TASK:
Copy every line of the material precisely.

DATASET EXCERPT:
○ ○ ○ ○ ○

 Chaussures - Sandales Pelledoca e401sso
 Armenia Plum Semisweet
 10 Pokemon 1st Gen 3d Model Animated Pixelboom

○ ○ ○ ○ ○

SOLUTION FOR THIS PROBLEM:
 Chaussures - Sandales Pelledoca e401sso
 Armenia Plum Semisweet
 10 Pokemon 1st Gen 3d Model Animated Pixelboom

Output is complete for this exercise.